Gesunde Eigenverantwortung
Die Bereitschaft der Bevölkerung, selbst Verantwortung für ihre Gesundheit und ihr persönliches Wohlbefinden zu übernehmen, steht im Zentrum der kommenden Jahrzehnte. Nur wer sich für seinen Körper verantwortlich fühlt, nutzt Vorsorgeuntersuchungen, medizinische Überwachungstechnik, achtet auf einen gesunden Lebensstil und interessiert sich für Neuigkeiten aus der Gesundheitswelt.

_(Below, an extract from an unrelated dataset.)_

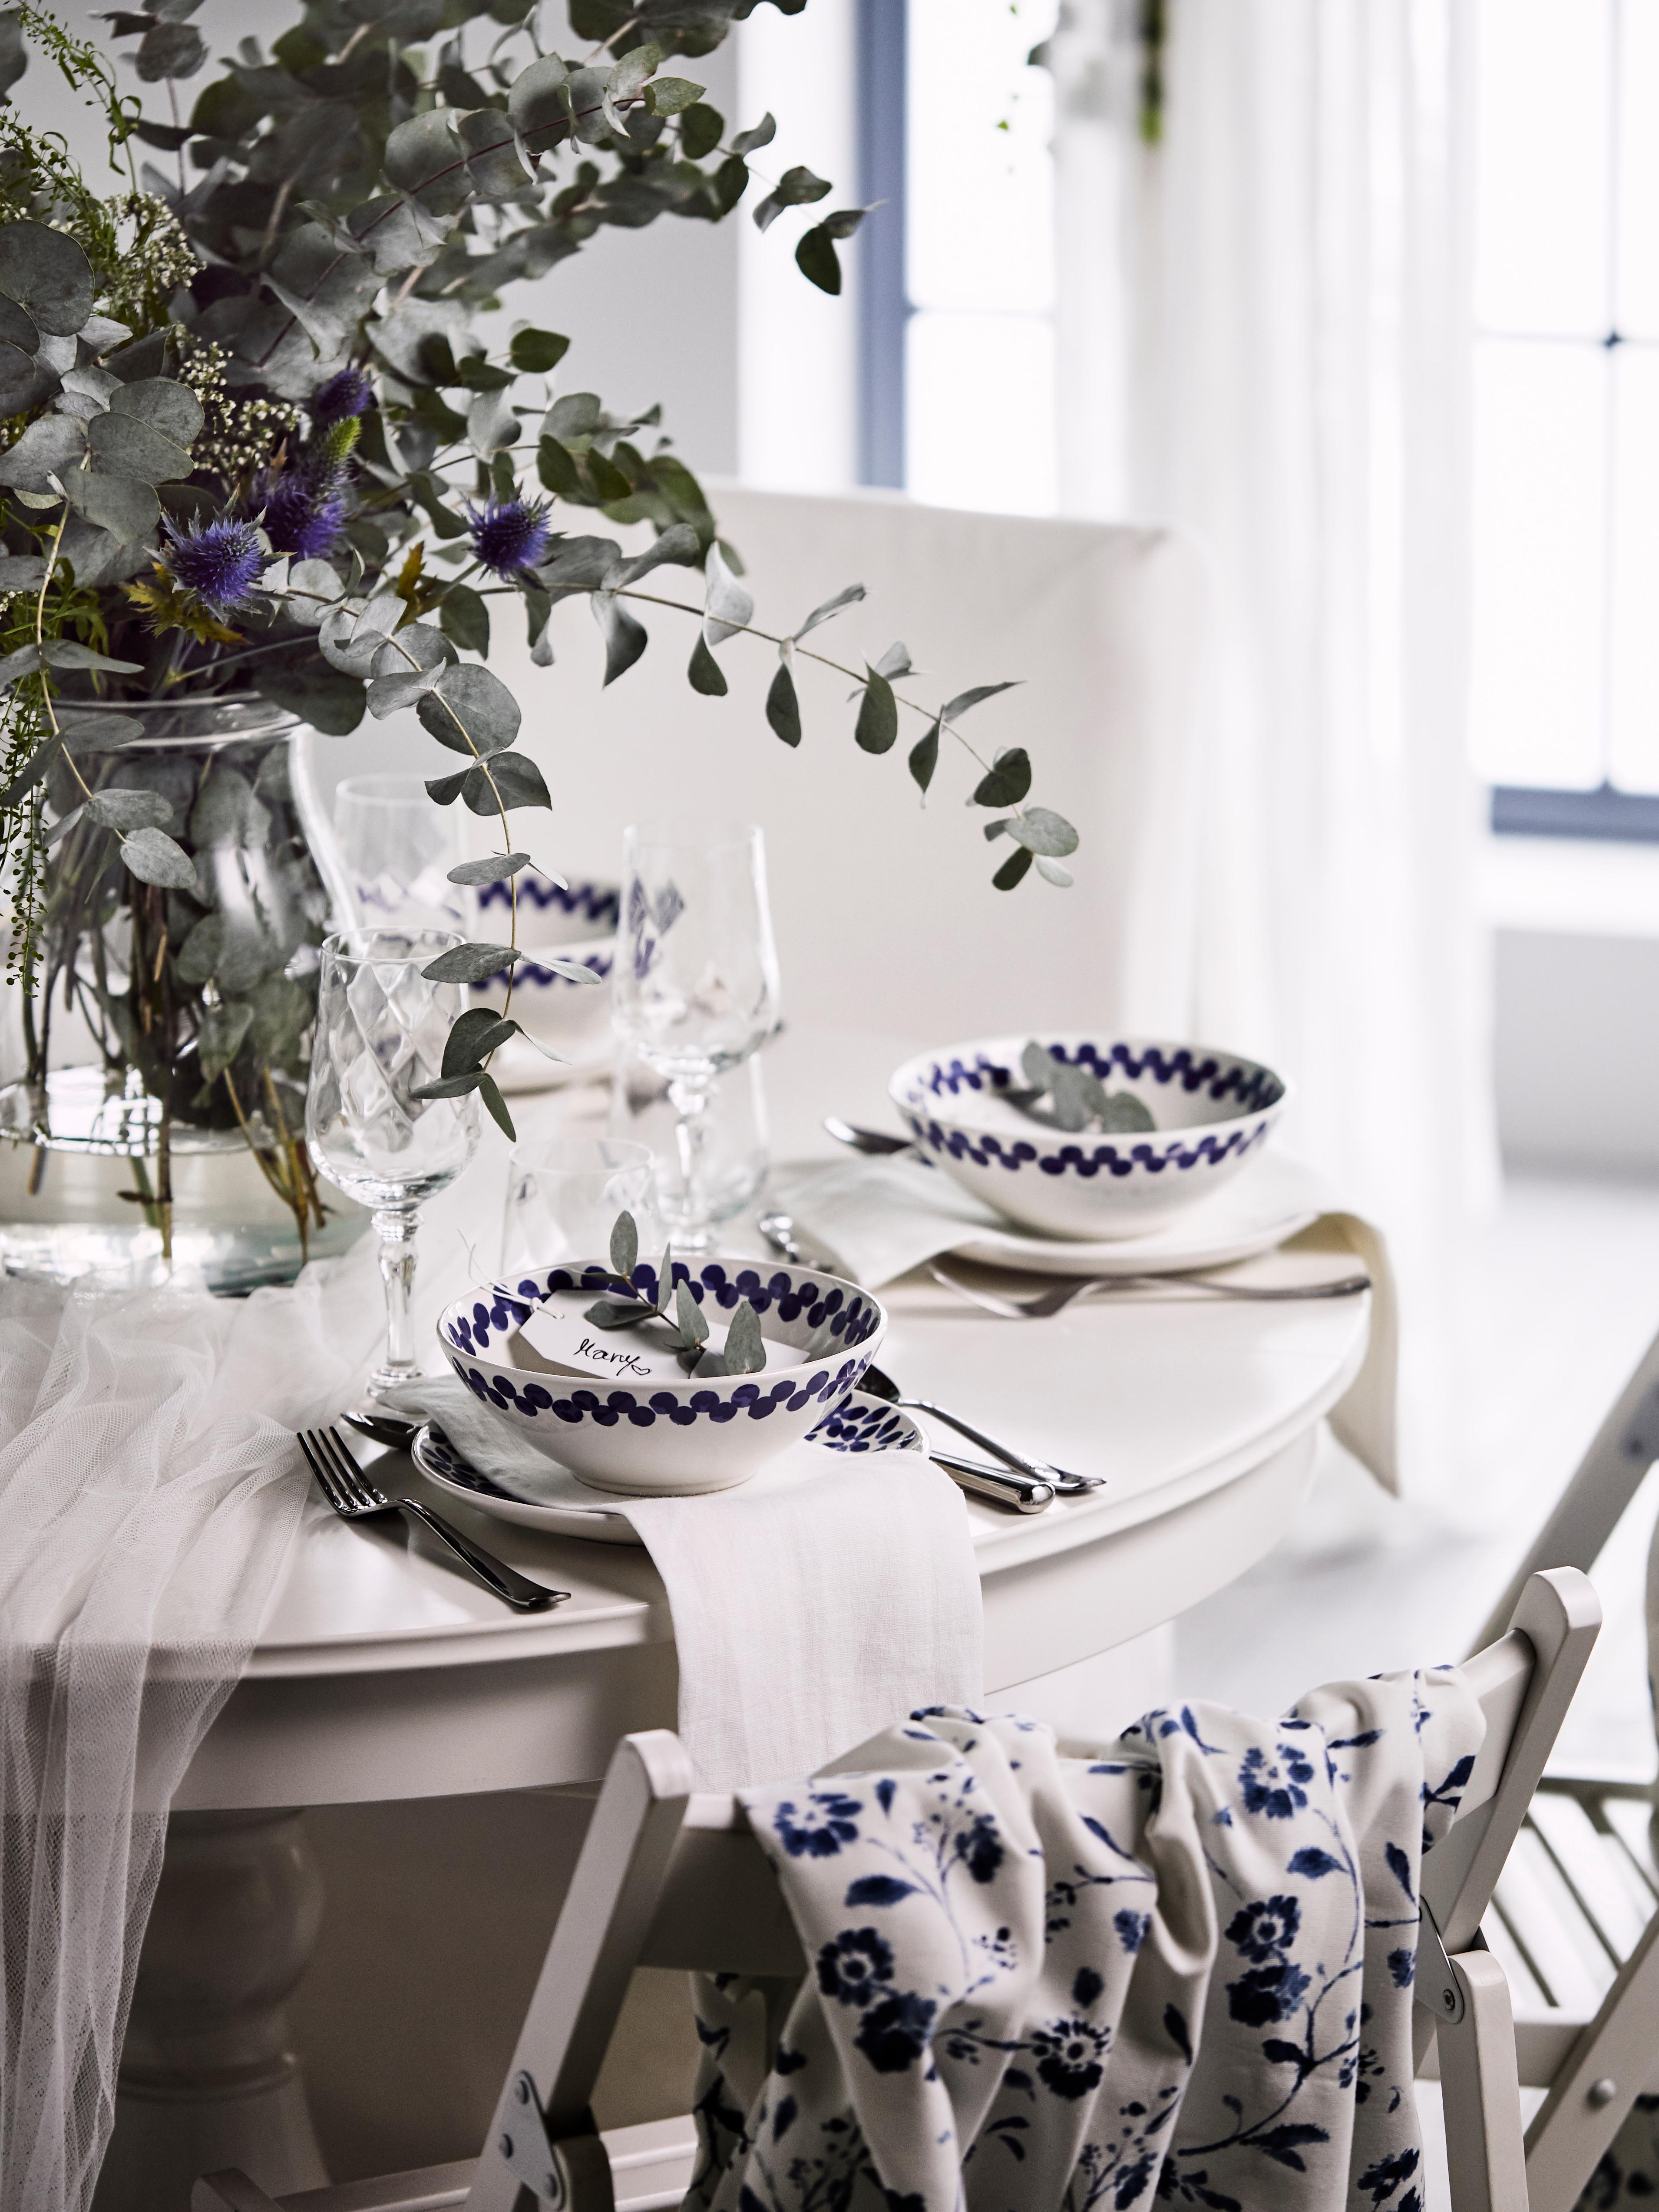 Bols MEDLEM à motifs blancs et bleus sur une table dressée avec des fleurs à côté de chaises pliantes blanches avec du tissu bleu-blanc.

Den Österreicher:innen muss klar gemacht werden, welche medizinischen Leistungen mit welchem Aufwand und welchen Kosten verbunden sind, damit unverantwortliches Verhalten tatsächlich gesundheitliche Konsequenzen hat. In Zukunft wäre es denkbar, dass es zu Zuzahlungen für Medikamente und medizinische Leistungen kommt, wenn man beispielsweise die Vorsorgeuntersuchungen nicht absolviert. Denkbar wäre auch, dass die Behandlungskosten für leichte Erkrankungen wie Schnupfen oder Husten selbst zu tragen sind. Nur so kann das Defizit der Kranken-kassen langfristig ausgeglichen werden. Nur wenn wir es in Österreich schaffen, dass sich die Menschen für ihre eigene Gesundheit zuständig fühlen, ist eine nachhaltige Reform des Gesundheitswesens möglich.